La cloud forensics, oggetto di significativa attenzione nella letteratura scientifica degli ultimi anni, è una “disciplina” nata dall’esigenza di studiare il crescente utilizzo di reti, computer e dispositivi di memorizzazione digitale, impiegati in infrastrutture cloud per attività criminali hi-tech, con l’obiettivo di sviluppare metodologie e strumenti per l’analisi forense dei sistemi cloud. Questa necessità scaturisce dalla peculiarità dei cloud, che rendono difficilmente applicabili le metodologie sviluppate per l’analisi forense dei sistemi digitali tradizionali. La memorizzazione digitale dei dati informatici si orienta crescentemente verso il cloud computing, che offre molteplici vantaggi, tra i quali, grandi capacità di memorizzazione (in alcuni casi gratuite) e costante disponibilità dei dati per mezzo di una connessione Internet (accedendo così ai dati storicizzati sulla “nuvola”).

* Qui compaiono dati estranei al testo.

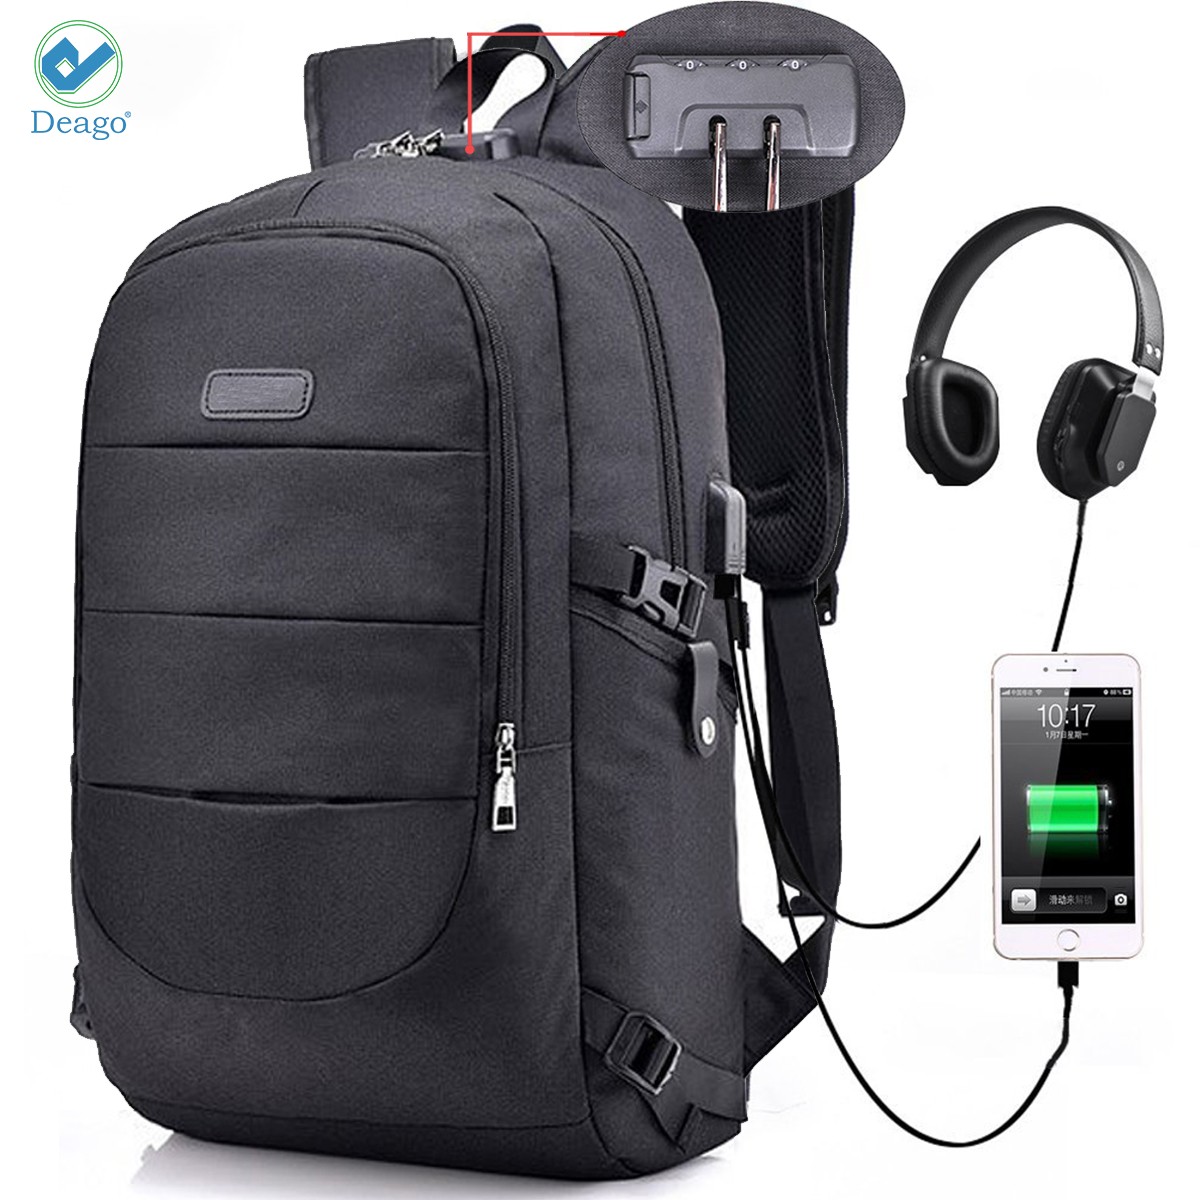 Deago Laptop Backpack, Business Anti Theft with lock Waterproof Travel Backpack with USB Charging Port for Laptops up to 17 inches (Black) - image 1 of 9

Talvolta invece il cloud è impiegato per fini più o meno illeciti, data la possibilità di “disperdere” i dati in una infrastruttura costituita da molteplici server, spesso dislocati in varie parti del globo e in molti casi inaccessibili, sia per ragioni giuridiche, sia tecniche.
Secondo la definizione del National Institute of Standards and Tecnology (NIST), “il cloud computing è un modello che fornisce un accesso rapido e pratico on-demand via internet ad un gruppo di infrastrutture condivise e configurabili che può essere rilasciato rapidamente e con la minima interazione del fornitore”.
Il laboratorio dispone di strumenti in grado di estrarre, conservare e analizzare dati di public domain e private social media data, instant messaging, file storage e altri contenuti basati su cloud, utilizzando un processo “forense”.